Assignment: Copy exactly the lines of the material below that fall between the line with "2019_02_24_Quinto termina febrero" and the line with "A-Derma Xera-Mega Confort Crema 400Ml", both of those lines included; pictures stay out.

Data in this exercise:
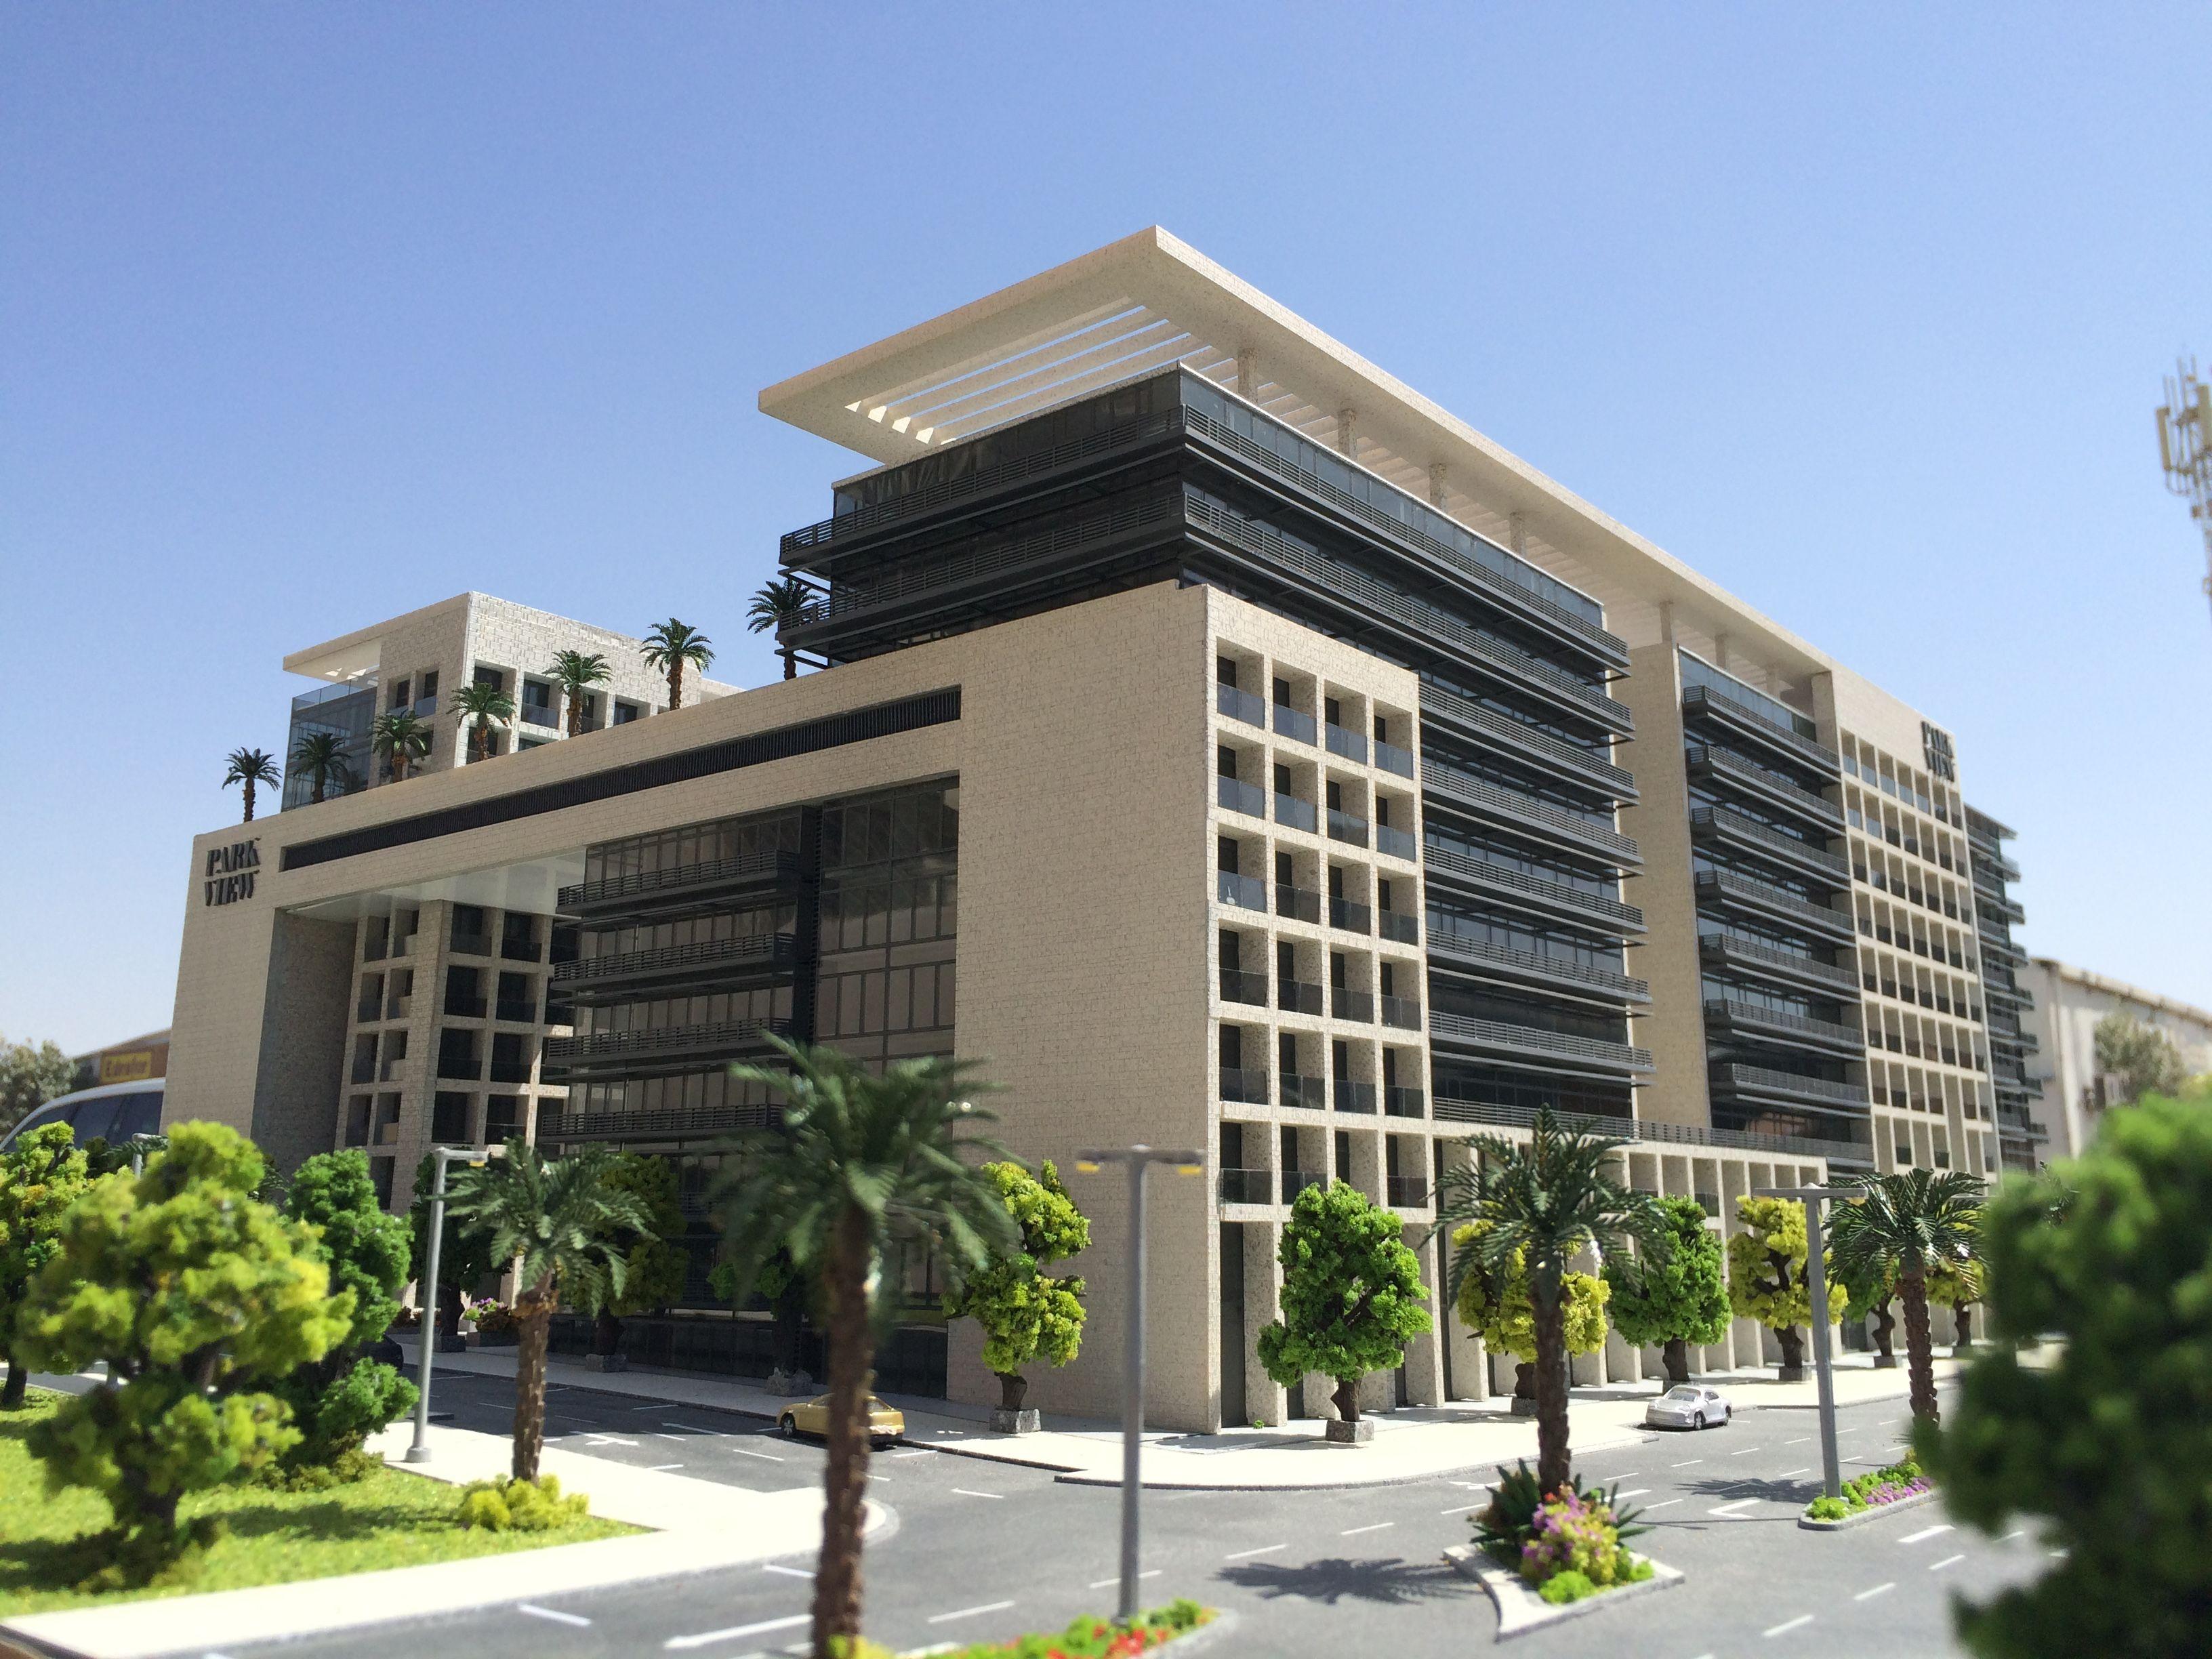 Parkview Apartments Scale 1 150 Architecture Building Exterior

...

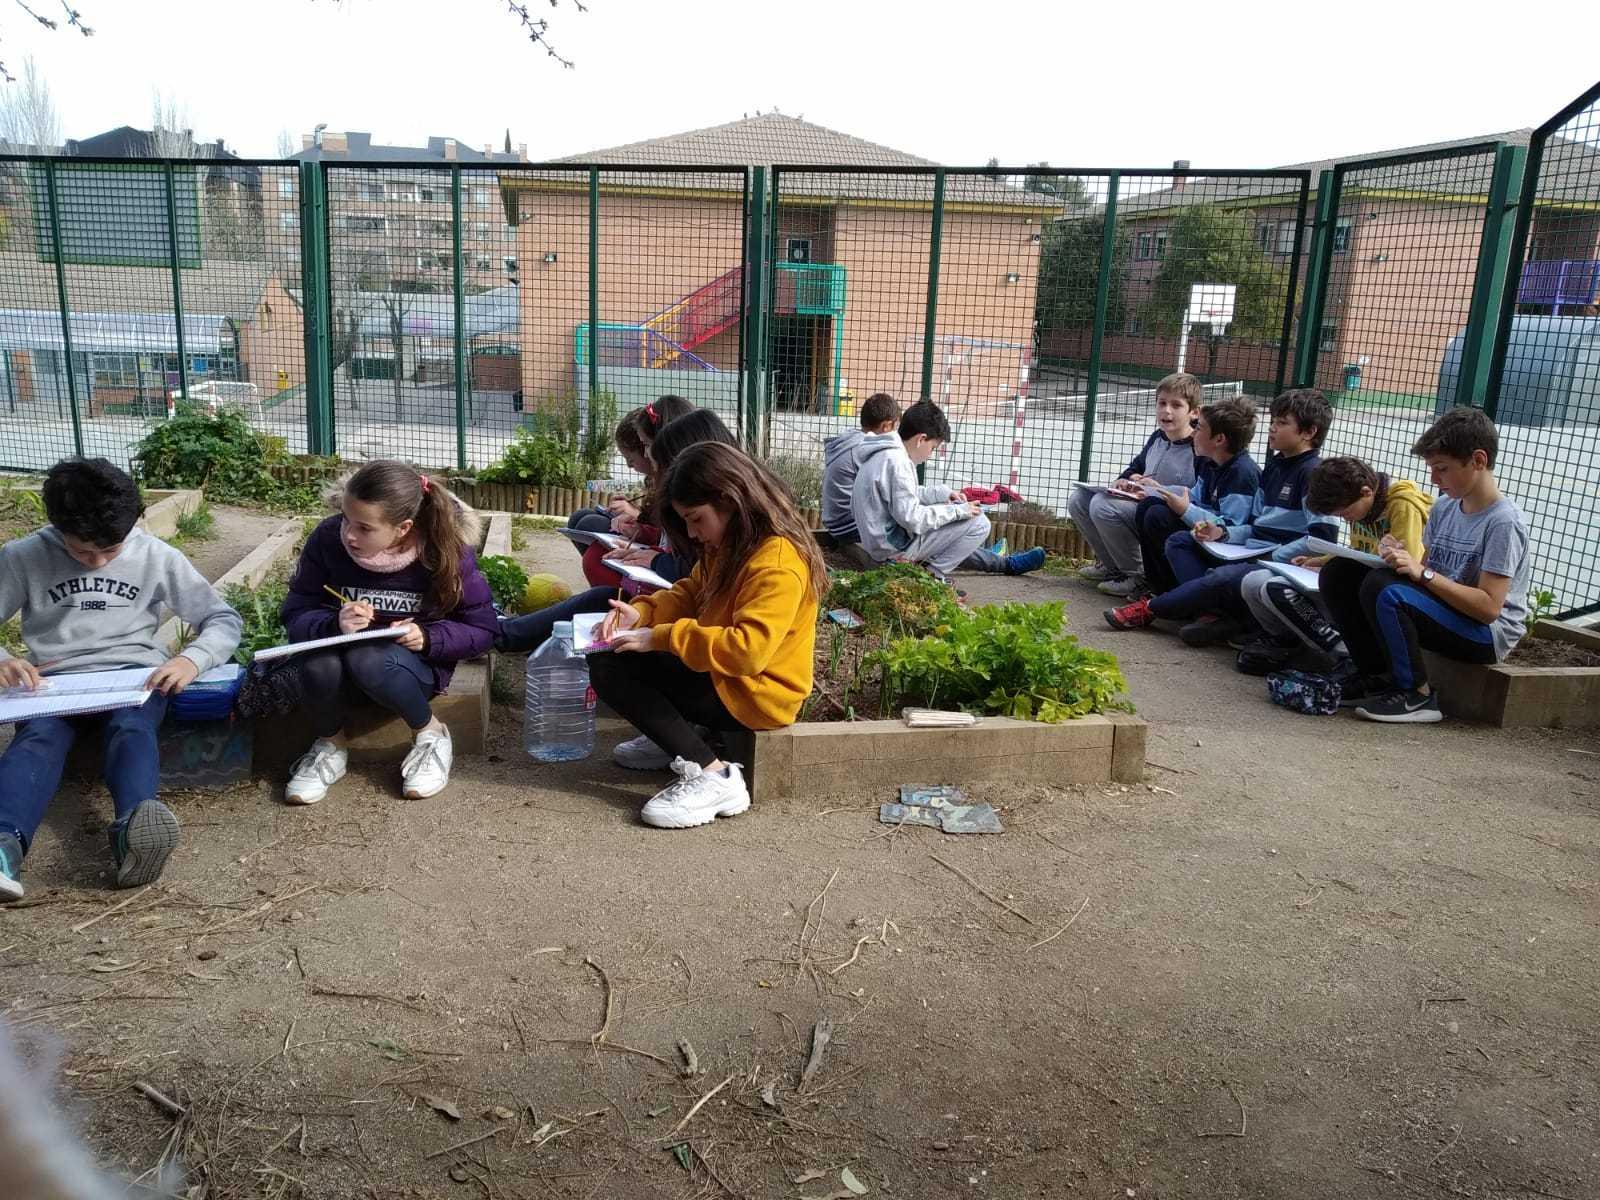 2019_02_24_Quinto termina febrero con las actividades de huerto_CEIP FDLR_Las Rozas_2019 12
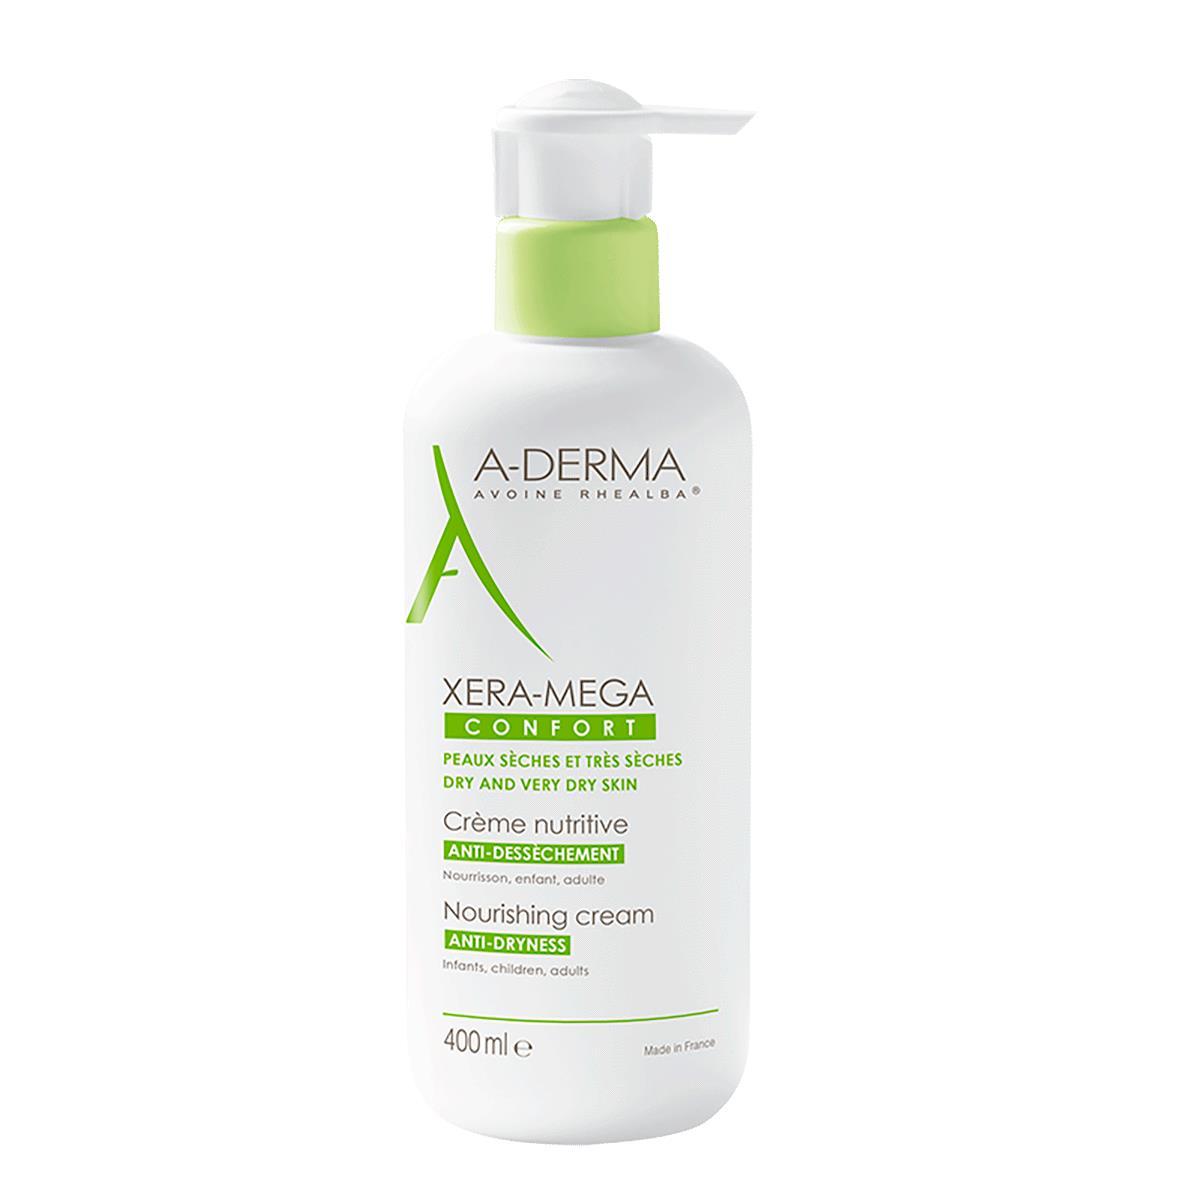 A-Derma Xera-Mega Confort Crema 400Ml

Response to the task:
 2019_02_24_Quinto termina febrero con las actividades de huerto_CEIP FDLR_Las Rozas_2019 12
 A-Derma Xera-Mega Confort Crema 400Ml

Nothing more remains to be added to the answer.